Scotland head coach Gregor Townsend is at the opposite end of the Six Nations experience spectrum as he faces into his second championship at the helm having lifted the Scots to third in 2018, matching their best finish since Italy joined the tournament in 2000.
He and Italy boss Conor O’Shea are the two coaches who can confidently predict they will still be in charge of their teams beyond the World Cup this autumn but the former Scotland fly-half expects those teams with different arrangements in place to be fully focused on the task at hand.
Townsend sees it in simplistic terms. “You play for your country and do as well as you can for your country.”
But he does believe first-round opponents Italy, who visit Murrayfield on Saturday evening can get some motivation from the possibility it may be the last hurrah for their talismanic skipper Sergio Parisse.
“They’ve got one of the best ever players to play in the Six Nations and maybe it could be his last Six Nations.
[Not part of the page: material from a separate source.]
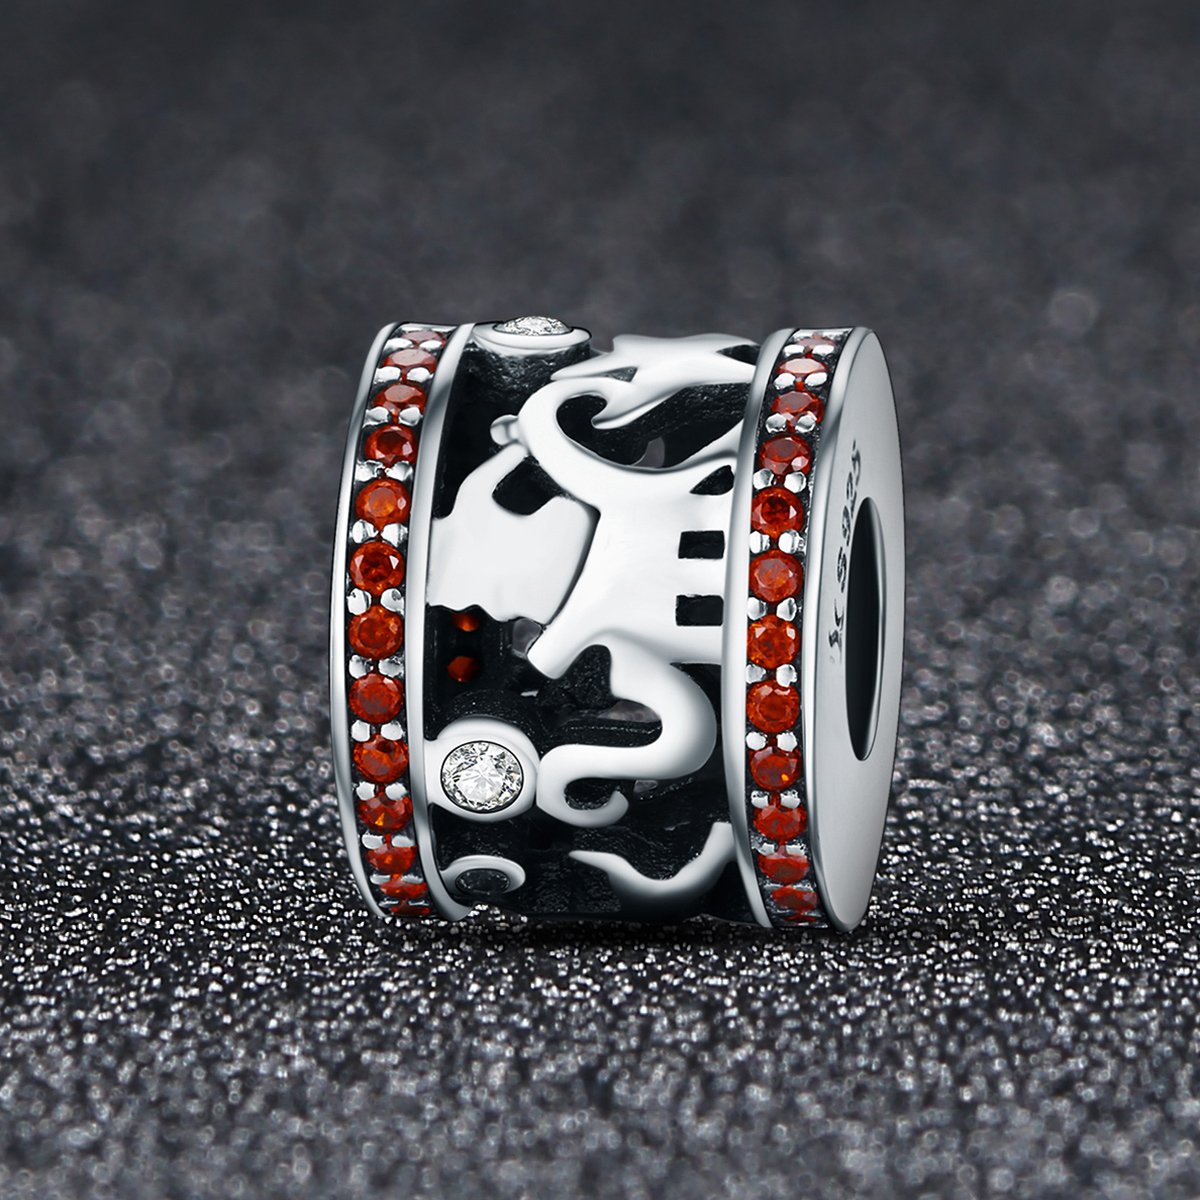 Sterling 925 silver charm the Moose bead pendant fits Pandora charm and European charm bracelet Xaxe.com

He’s a talisman, a player that would walk into any other nation’s team. With him available they are a more dangerous team.”
No. 8 Parisse has played more Six Nations minutes, 5,141, since his 2004 debut against England, than any other player and will this weekend make a record 66th championship start to eclipse Brian O’Driscoll should he, as expected, lead the Azzurri in Edinburgh.
Sitting next to O’Shea, the fifth Italy head coach he has played under and whose contract runs to end of next year’s Six Nations, he echoed Townsend’s view that knowing a coach or player is leaving will not have a detrimental impact on the team.
“It’s really personal for every single coach. The last World Cup I played we knew before that that the coach (Jacques Brunel) was going to leave but it doesn’t change our approach. The coach shows he’s still involved even if he knows he’s going to change job after the tournament and leave the national team.”
Whether Eddie Jones remains in charge of the England team beyond this upcoming World Cup is less certain, despite the two-year RFU contract he signed a year ago through to 2020. Yet the Australian who led the Red Rose to a Grand Slam in 2016 and successful championship defence in 2017 said his future or that of any of the other coaches would have no impact on their players’ mindsets.
“I don’t think so. All the teams are focused on training well and how they can be at their best for the first game,” Jones said. “No-one is thinking about ‘this is going to be his last game, what are we going to do special for him’.
“We’re talking about the most highly motivated, most professional players in Europe playing for their countries. They don’t need special things to want to be better.
“There’s a sign out there saying it’s the greatest tournament in the world. Four years ago I wouldn’t have said that but having been involved in it there’s nothing like this tournament. The intensity, the contest, how much it means to people, it’s a real honour to be involved in it.”
If that sounded wistful and hinted at an early exit, Jones quickly snapped out of the moment, adding: “I might be in it for another 10 years, who knows? I don’t know what I’m going to do. That’s not a concern for me or the team.”